DATASET EXCERPTS:
####################

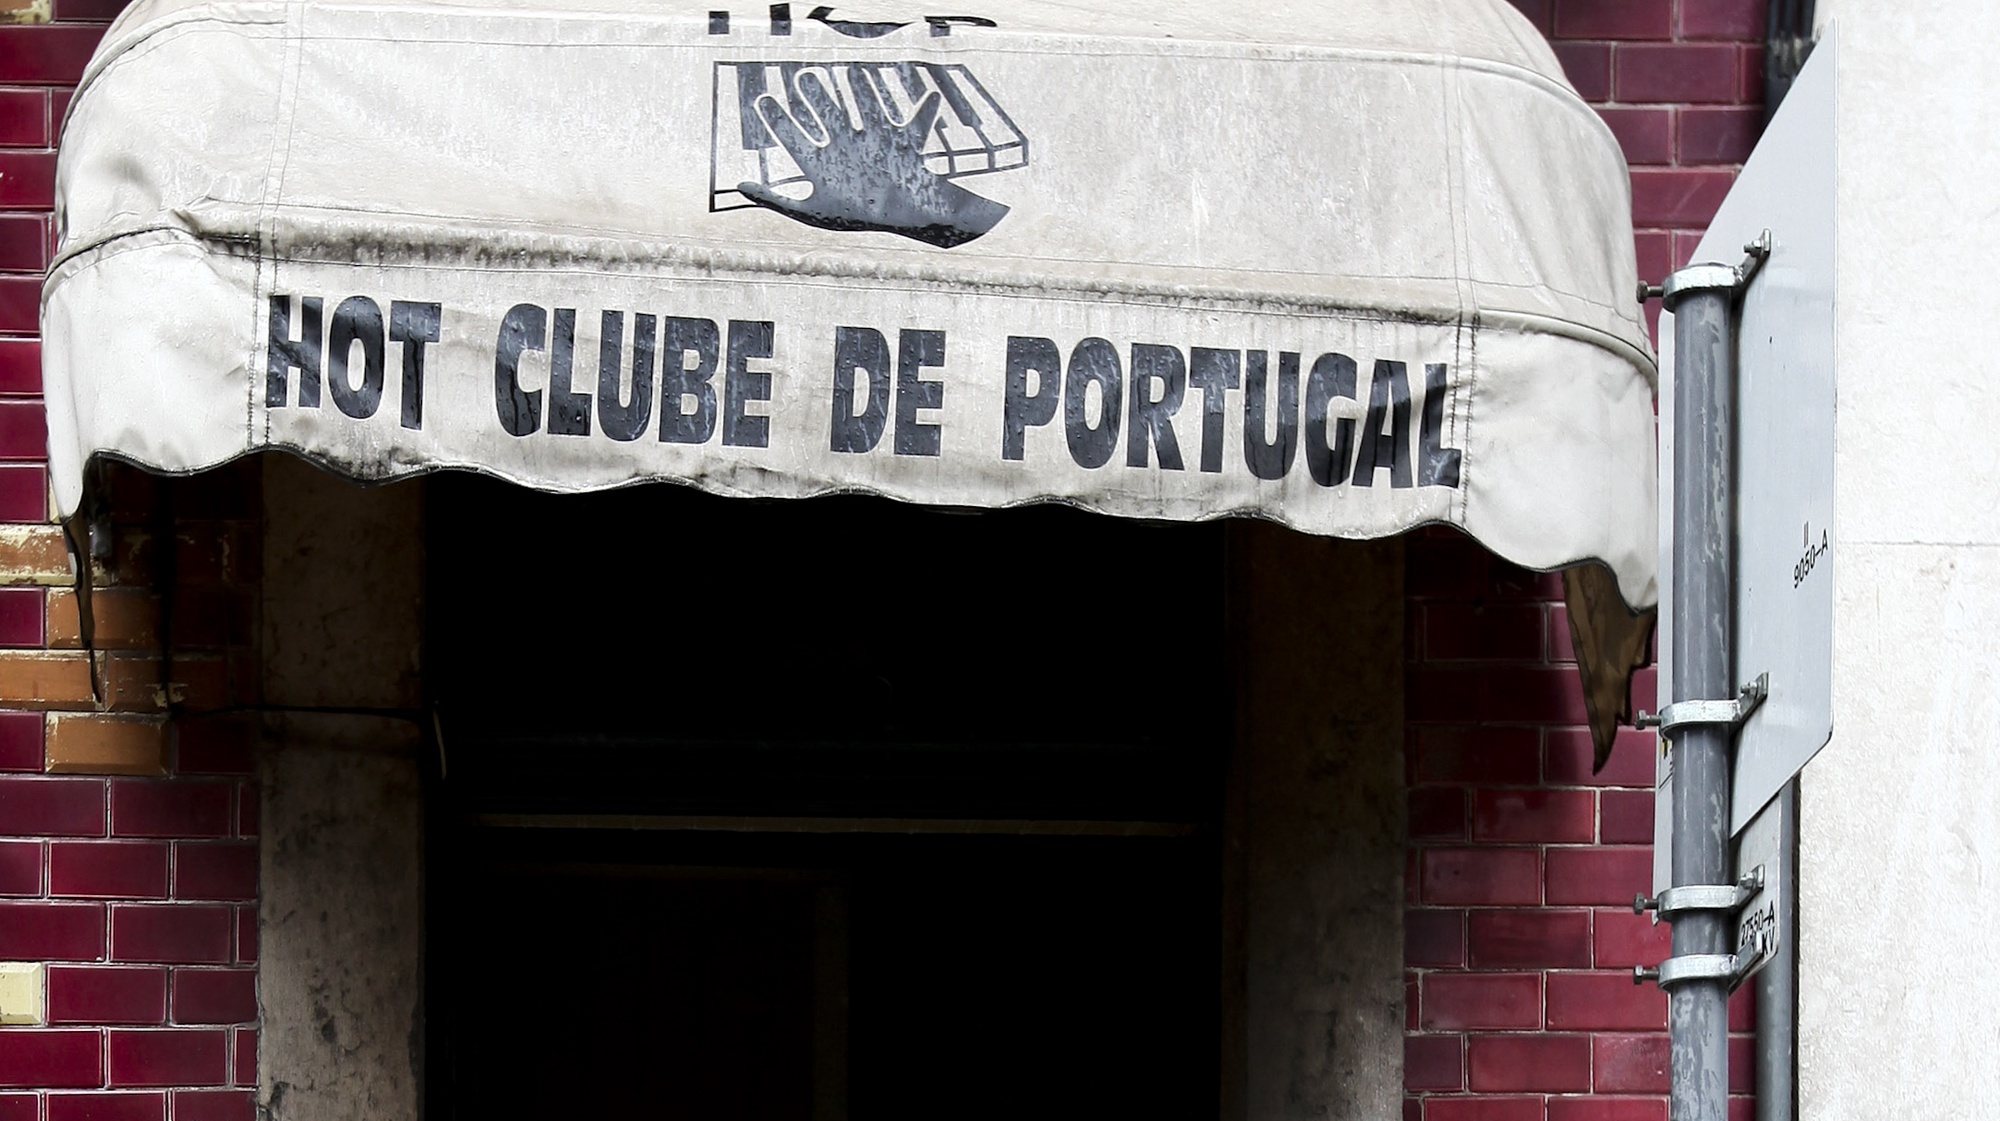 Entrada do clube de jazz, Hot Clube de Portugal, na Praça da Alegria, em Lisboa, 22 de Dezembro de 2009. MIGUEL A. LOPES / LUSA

####################

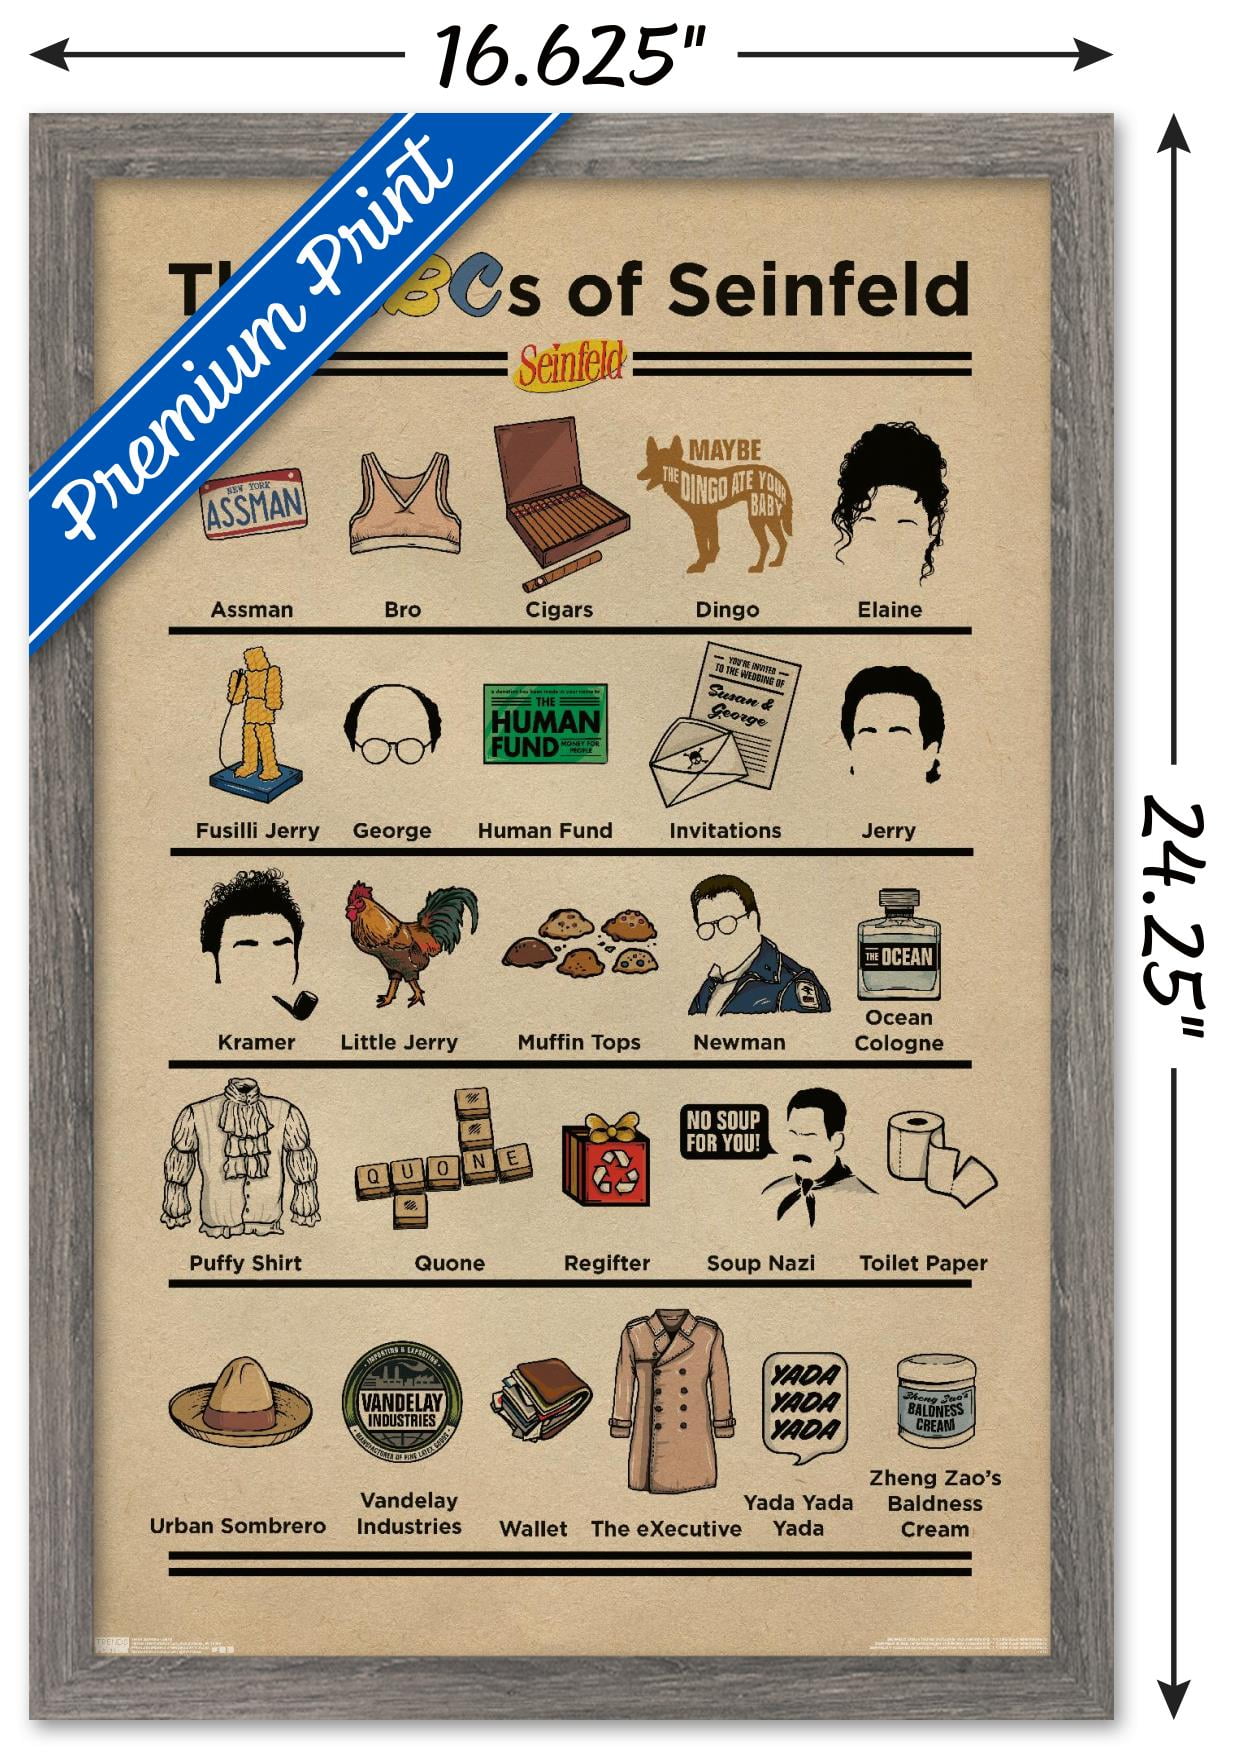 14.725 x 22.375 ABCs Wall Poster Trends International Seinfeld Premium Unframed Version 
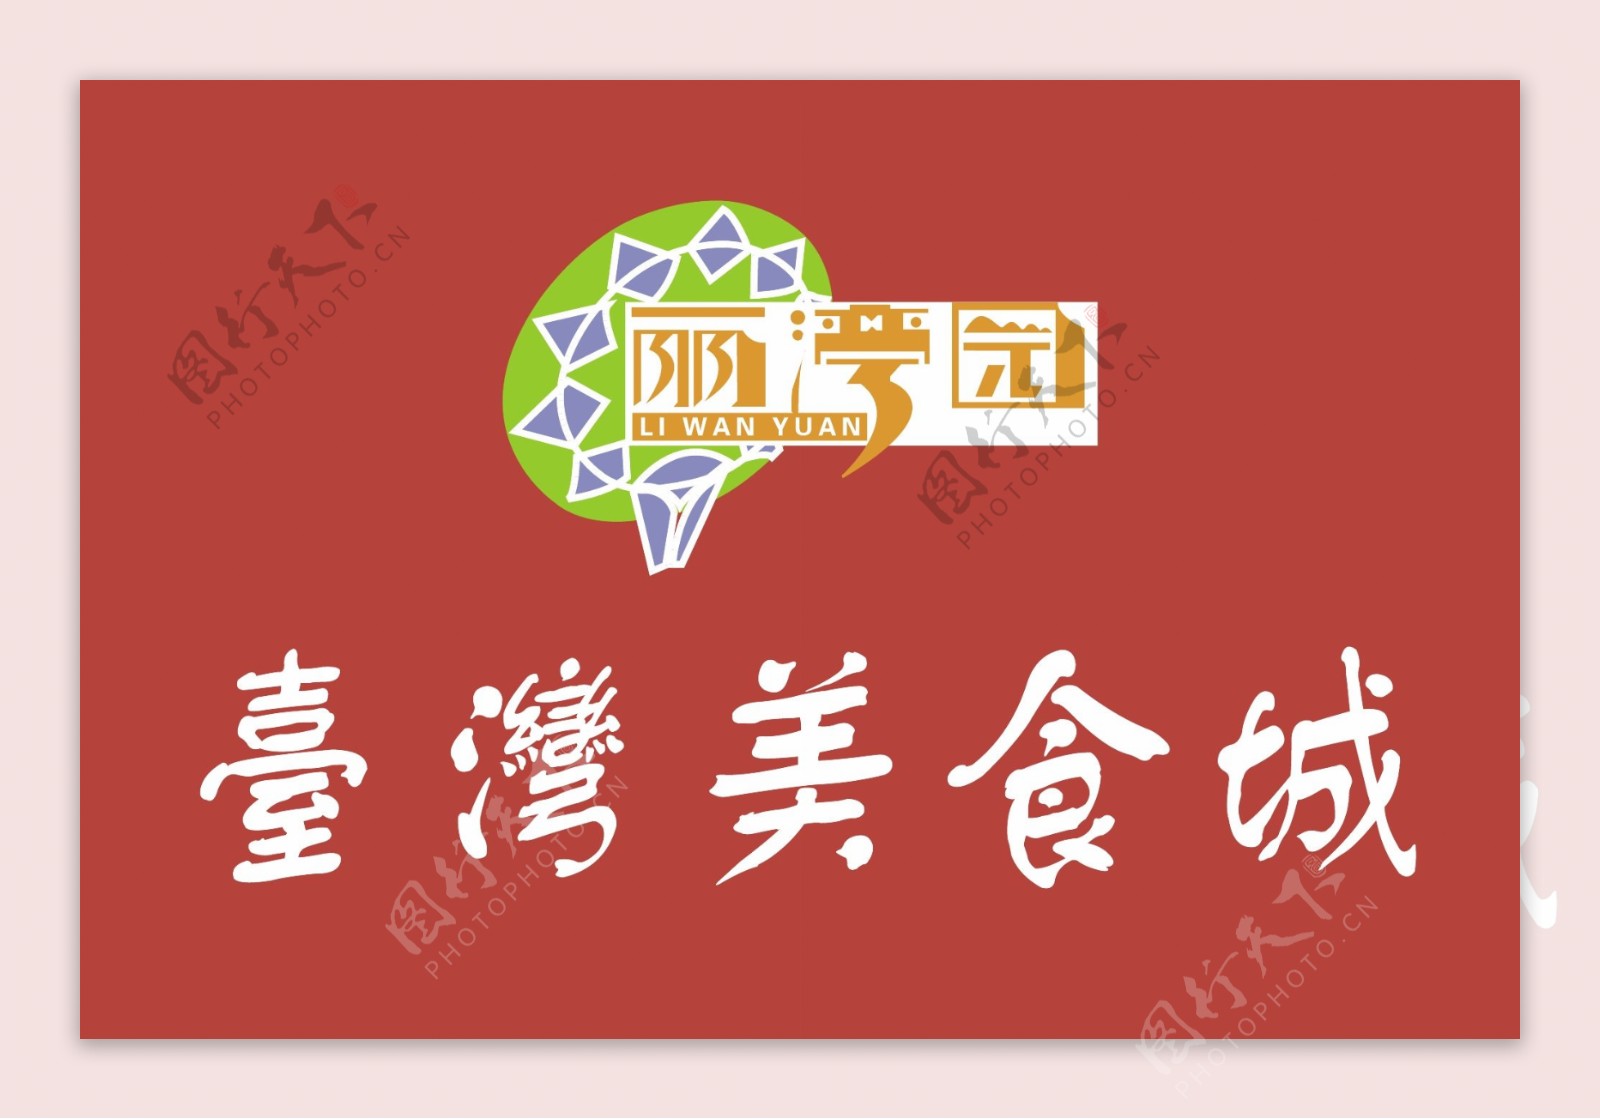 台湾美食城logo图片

####################

EXERCISE PROMPT: Starting at the line above that contains "14.725 x 22.375", transcribe every line exactly through the line that contains "台湾美食城logo图片", including that last one, and skip the pictures.

EXERCISE SOLUTION:
 14.725 x 22.375 ABCs Wall Poster Trends International Seinfeld Premium Unframed Version 
 台湾美食城logo图片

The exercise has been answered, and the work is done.